- **What is expected**:
If pictures appear in the lines below, skip them and copy exactly the lines from the one containing "Cremation in Porterville, California" through the one containing "Jeans-Label-Mockup", and nothing else.

- **Records shown**:
+ + + + +

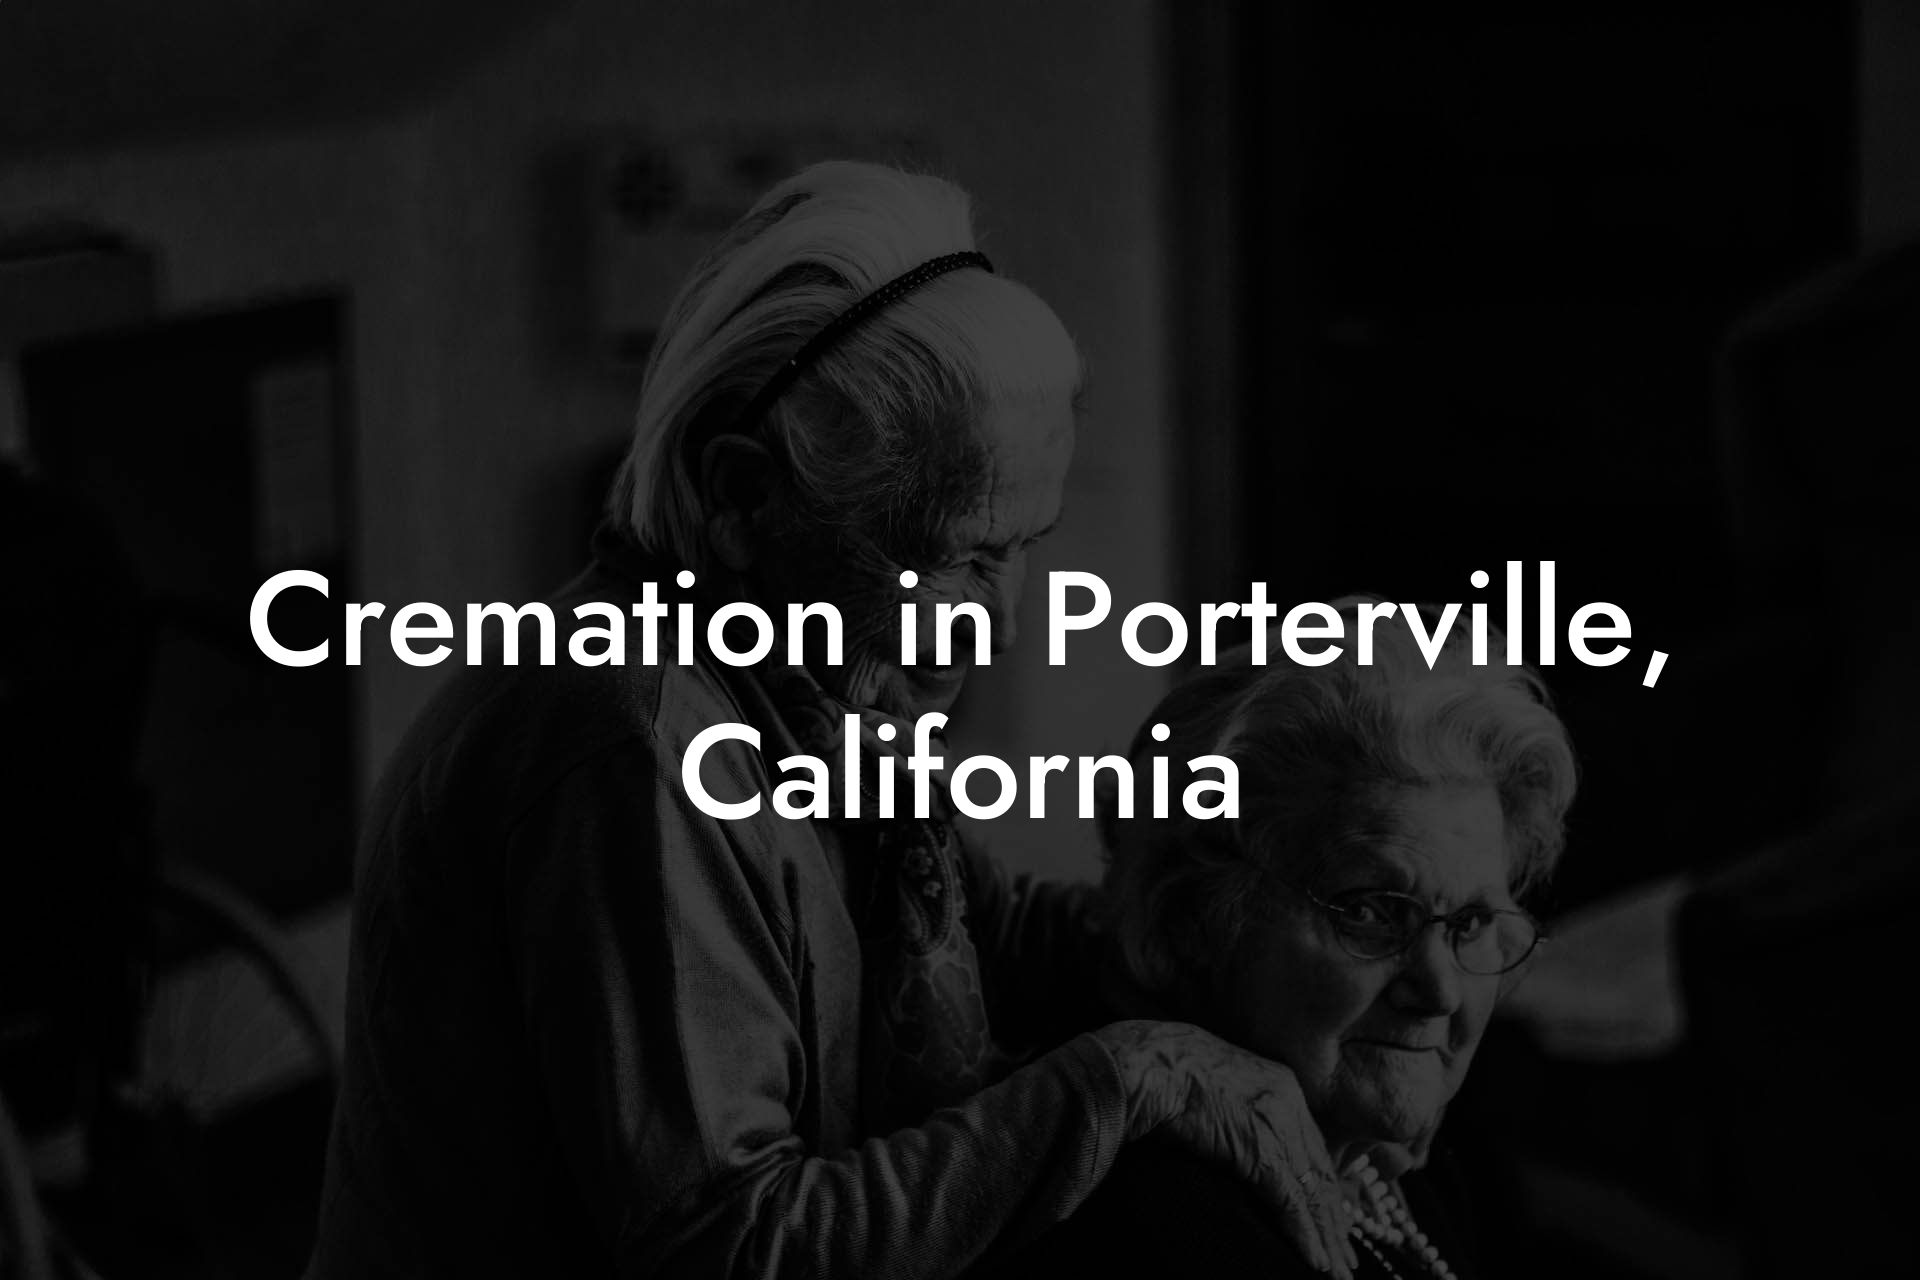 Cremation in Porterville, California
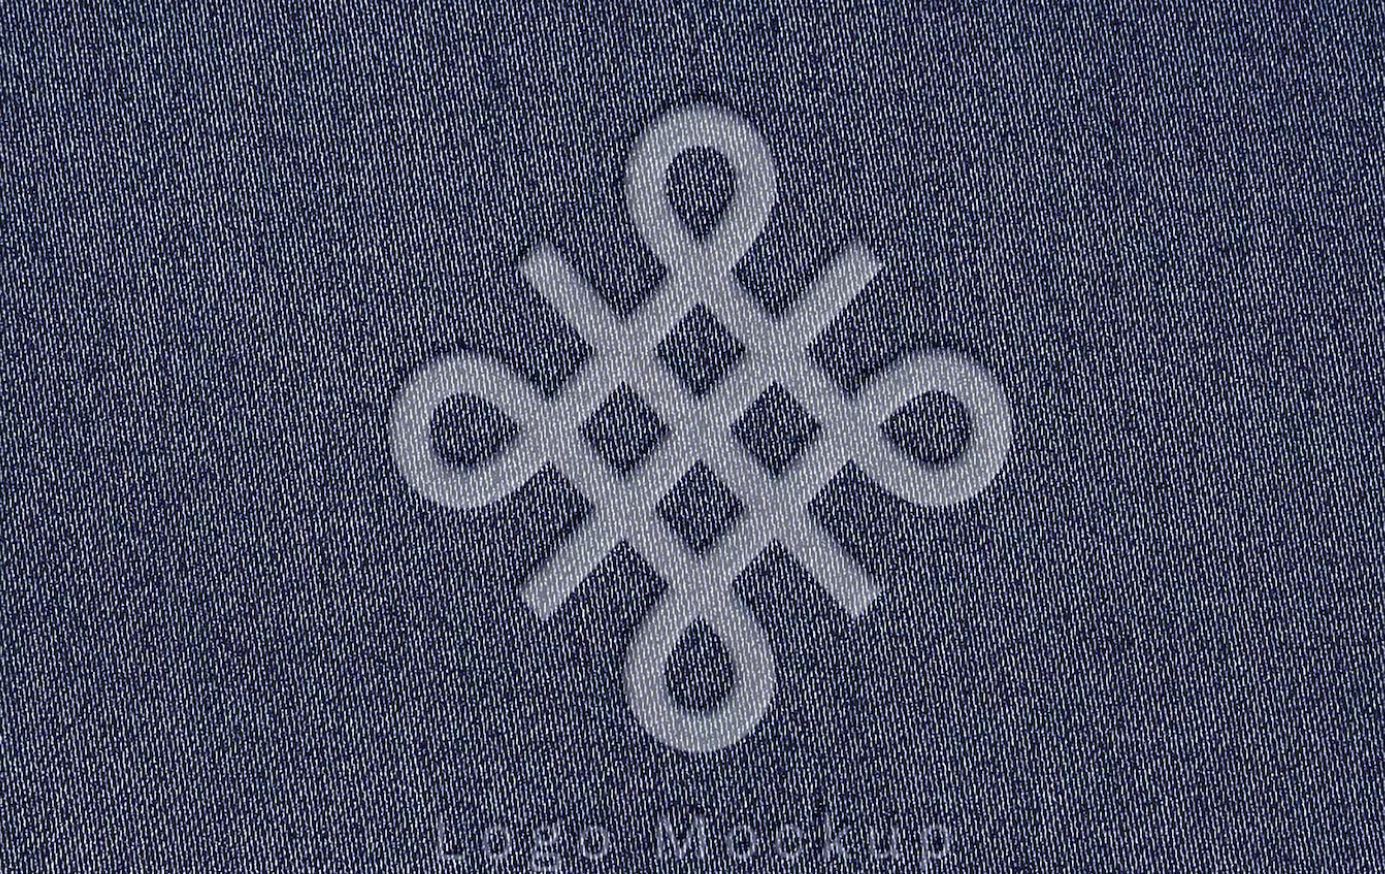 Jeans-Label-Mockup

+ + + + +

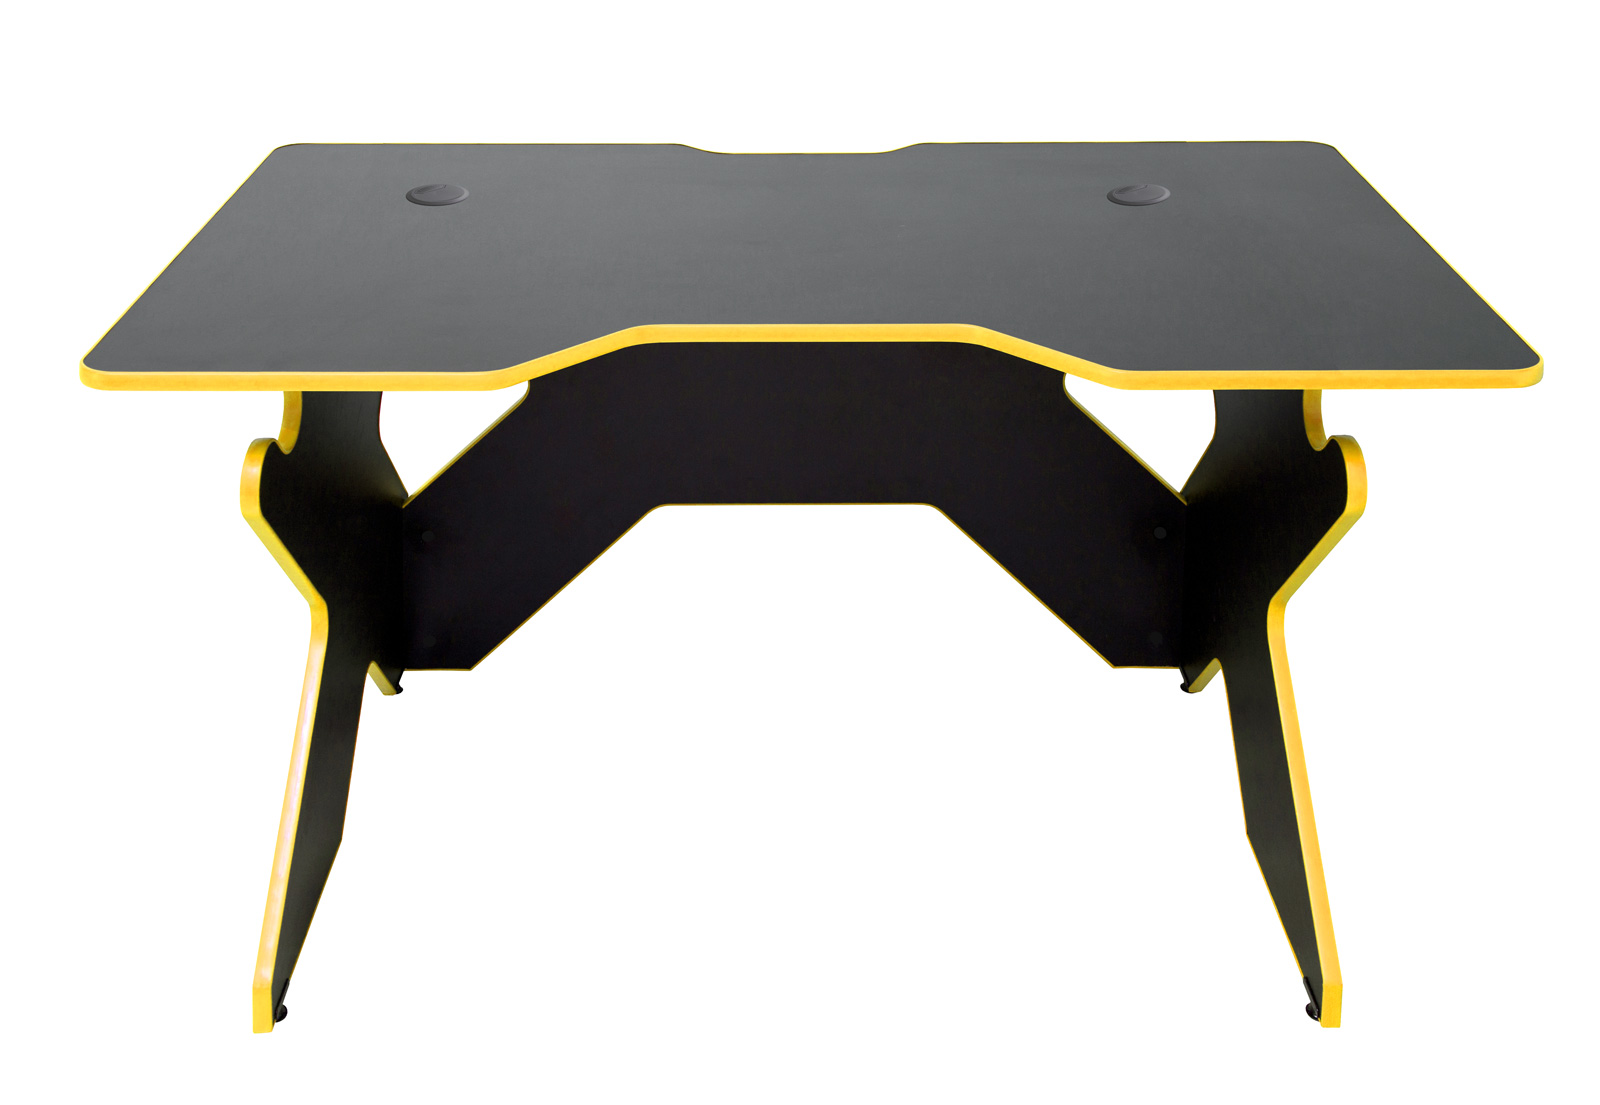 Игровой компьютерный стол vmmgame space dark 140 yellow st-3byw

+ + + + +

- **Output of the task**:
 Cremation in Porterville, California
 Jeans-Label-Mockup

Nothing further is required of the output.